Jesus fucking christ when is this going to be over. For a year I’ve been waiting for the right time to move on. Trying to do what is best for everyone, trying to hold on to the things that matter. My marriage has been dead for a long while now, and we’re just now starting the process of burying it. Life, man. It was full of complications. Helpless things I made promises to, plans that look right in any equation.
They are right, you know. Let the child finish school, pick the program that has the likeliest outcome of success, move and file and do all the things according to the right schedule. I checked all the boxes. I made the right decisions.

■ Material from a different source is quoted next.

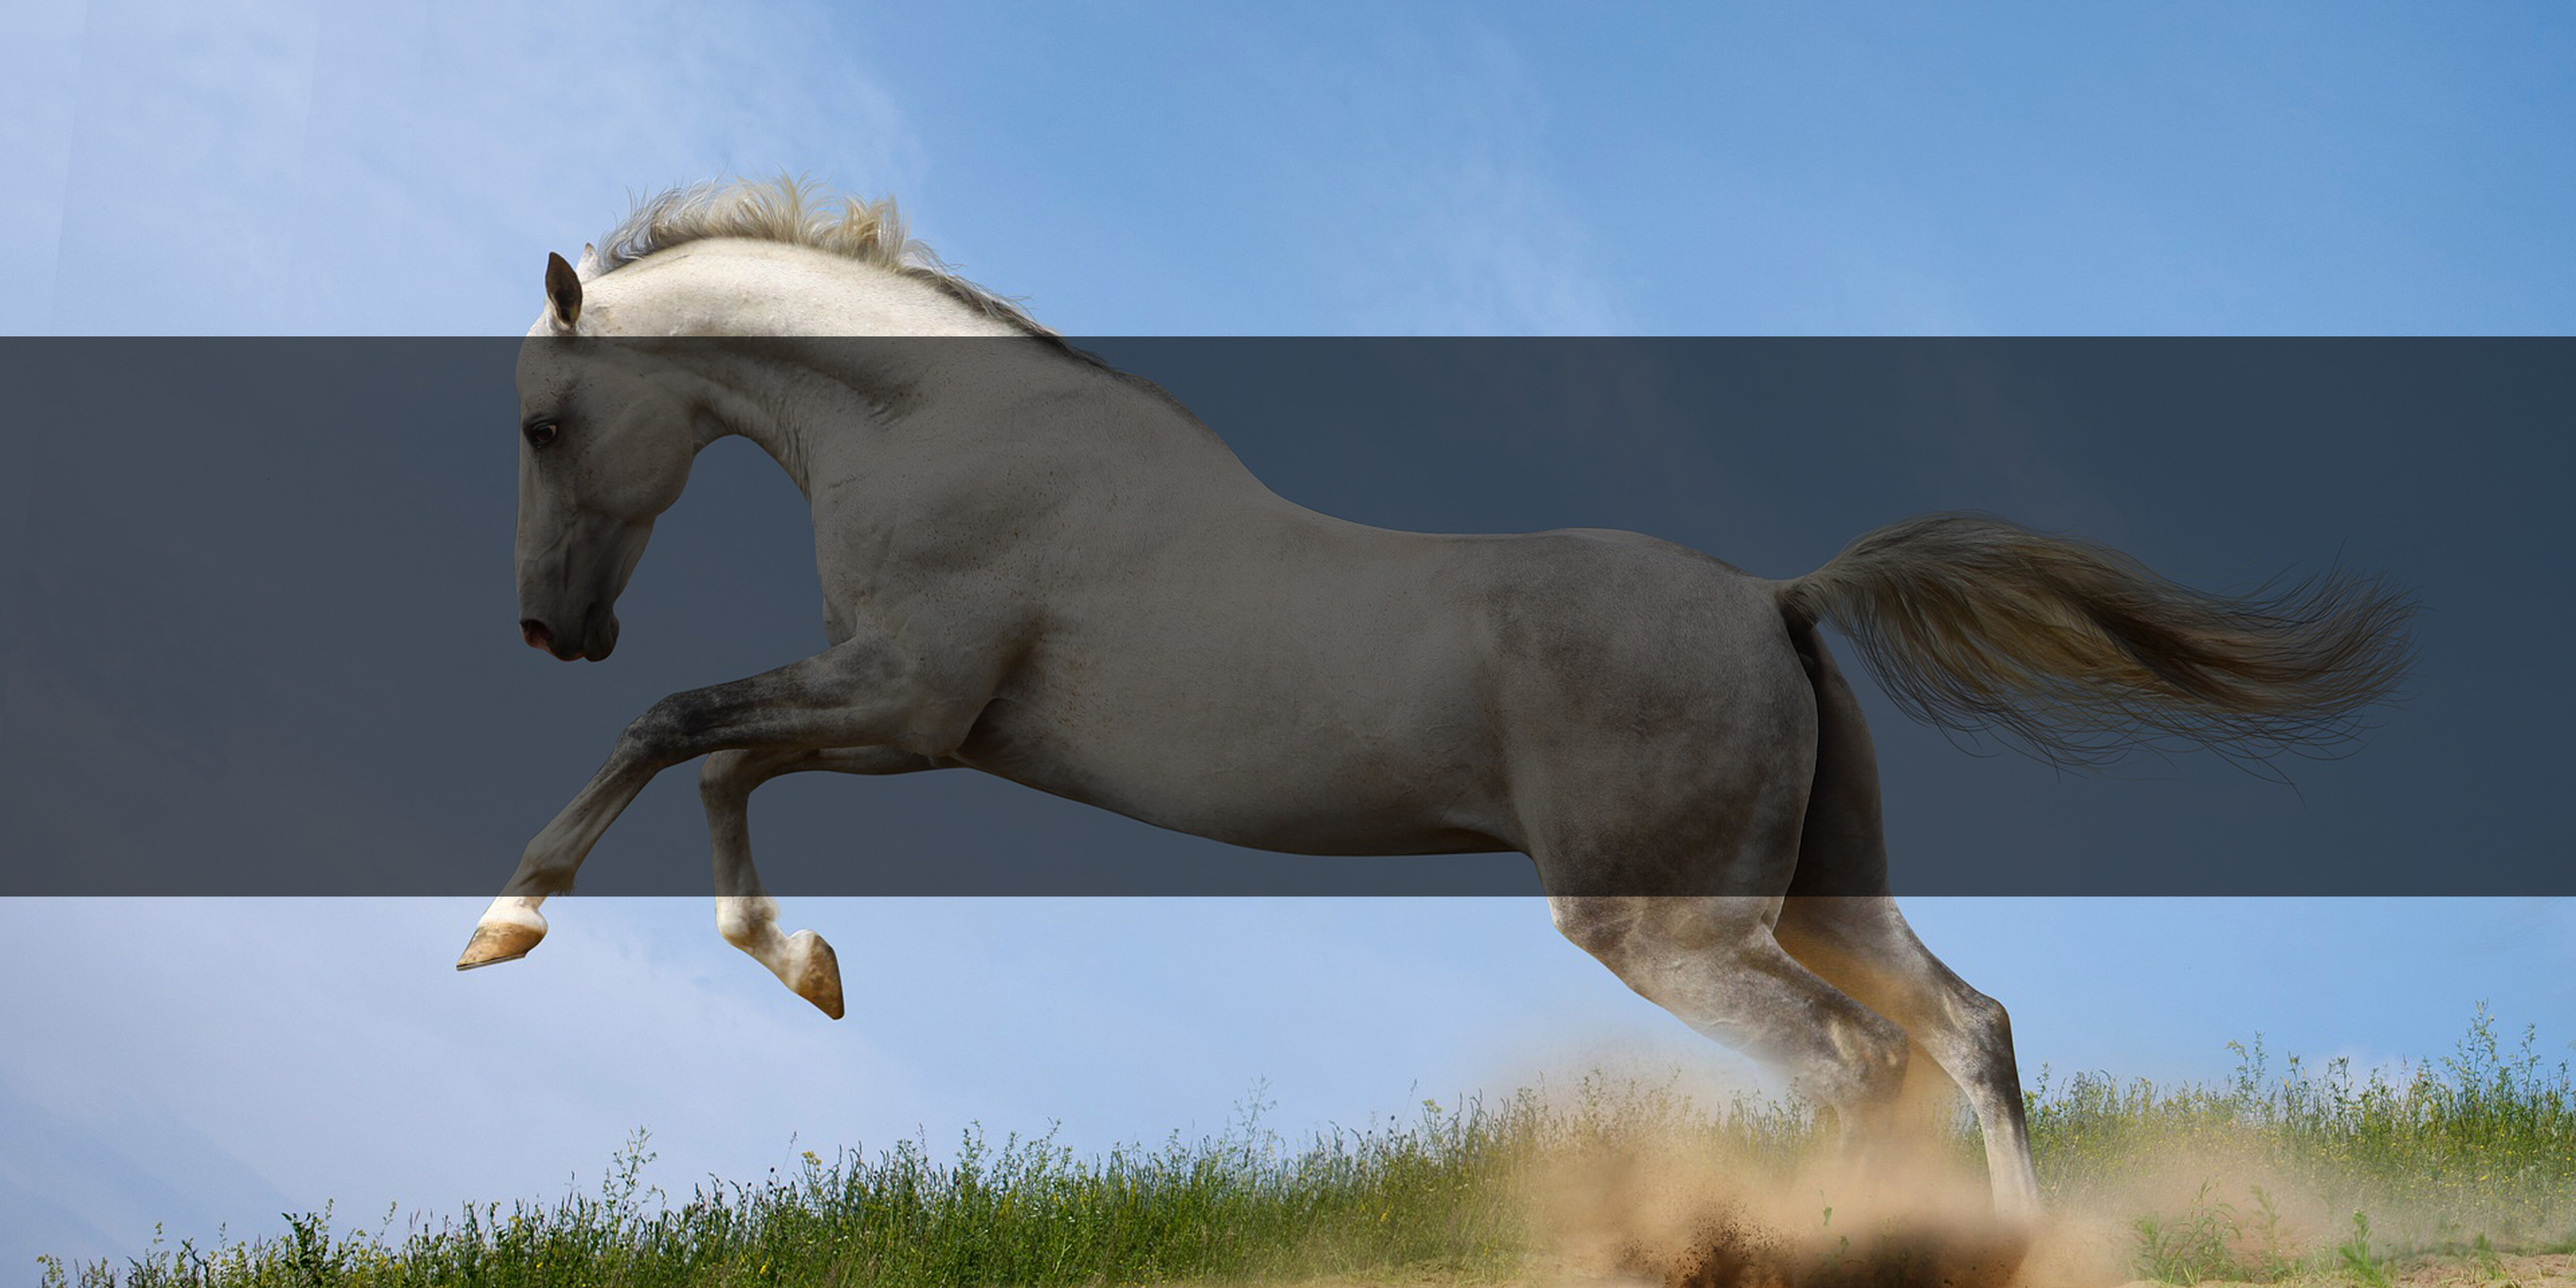 Pferdeschampoo für Ihr Pferd online kaufen - Hogsta Ridsport

And now, here I am, in the midst of plans that were made a long time ago, and my body refuses to move forward. I can’t breathe. I weight two tons. There is an ocean of pressure in my ears and every cell struggles through its function. Fuuuuuuck me. It’s not even the loss of the husband. That blew away in ashes months and months ago. It’s all this STUFF. Papers, boxes, printers, dishes – all this stuff has to be packed and organized and sold and I am just. So. Very. Fucking. Tired.
Tomorrow I have to get the oil changed in my car and take a test in anatomy and I want to cry. The idea of maintaining an upright, hominid position makes me want to sob, except that would take energy I just don’t have. My ears are constantly ringing, my chest is constantly tight, my legs feel like articulated lead bricks.
This was supposed to be MY time. Finally, my time for moving forward, for cleansing, for changing and reclaiming. And all I want to do is crawl in a hole until its over. How the hell did I do this when I was in my 20s and chasing better ideas over state lines and jobs and all of that nonsense?? Where is THAT person? I need her to go through my filing cabinet. I need her to google how to start a fire in a burn barrel. I need her to do the dishes. And pack them. And take the dogs for a walk. And cry, because I’m too tired for any of that. I can’t breathe. I literally can’t take those deep, calming breaths everyone is always saying work the best. My lungs are full of cement.
Did that 20 something whine this much? Or is that a “fun” thing about my 40s, too? How early is too early to go to bed?